Mohsen Makhmalbaf made yet another amazing film in Tajikistan called Sex and Philosophy years after he made Kandahar, where he once again showed his real talent that we glimpsed in Gabbeh. That film, unlike the suggestive title, has neither sex nor nudity—the subject of sex is merely suggested by a male hand and a female hand caressing each other, in lyrical synchrony to the violin of Vanessa Mae. The director states on his website that the four women shown are his vision of the development of the adult women. The story is constructed on a series of intellectual debates of a cynical male philosopher and his women friends, eventually retracting from the world of a lover to one of self imposed loneliness (shades of the Iranian Mehrjui's The Pear Tree and Allan Sillitoe's short story The loneliness of the long-distance runner hover, as the subject balances social concerns and politics without making either one obvious) while paying tribute to Russian literary geniuses Chekov and Tolstoy (whose names are thrown by the shopkeeper who sell three antique watches). Do not miss out the hidden, mischievous comment that the third watch on sale, indirectly connected to Stalin, is picked up by the protagonist's third lover who likes to erase the protagonist from her memory, preferring the watch to the ones related to literary figures! The film tries to imitate the colour coding of the late Polish genius Kieslowski. In this Makhmalbaf film, the four women wear black, red, blue and white and the colour coding is accomplished quite well. Evidently the second lover had shades of the last of the four characters as she wears one red shoe and one white one. The switch from one colour to the other is gradual.

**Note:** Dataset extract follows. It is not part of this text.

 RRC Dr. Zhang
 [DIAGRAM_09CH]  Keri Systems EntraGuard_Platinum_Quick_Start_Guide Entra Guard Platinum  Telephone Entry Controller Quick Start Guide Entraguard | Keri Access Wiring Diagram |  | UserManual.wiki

The film is very well made with touches of the absurd (talking to each other within the same car using mobile phones, "a cold coffee with a cold smile", a poodle in a woman's bed preferred to the human lover) and the surreal (a big passenger plane with just one passenger, autumn leaves covering a dance hall, the lighted candles on the dashboard of a moving car, etc).

To revert to Makhmalbaf’s Kandahar, I applaud the director’s intentions. The colour of the bridal party of burqa clad women looks lovely. With the same breath, I wonder if those colourful burqas can be associated with Taliban ruled Afghanistan where black and grey are often the colour of burqas that one would tend to associate lifestyles of Afghan women in the remote parts of the country. But then this is Mr Makhmalbaf of the colourful Gabbeh and Sex and Philosophy as well. In any case, whether you loved Kandahar or not, it would make you reflect on what it showed. As an Indian national, I loved the Sanskrit shlokas being recited on the soundtrack from time to time. Was Mohsen Makhmalbaf trying to be ecumenical? Or was it his family's love for Indian culture that made this addition?



But if you want to see the director at his best—I recommend Gabbeh or his later film Sex and Philosophy. The moot question is what do you want in good cinema: do you want the subject or do you want an intelligent presentation of the subject to overpower your senses? Mr Makhmalbaf can present both types of cinema in separate films that he has made.

P.S. Hana Makhmalbaf's Buddha Collapsed from Shame was reviewed earlier on this blog.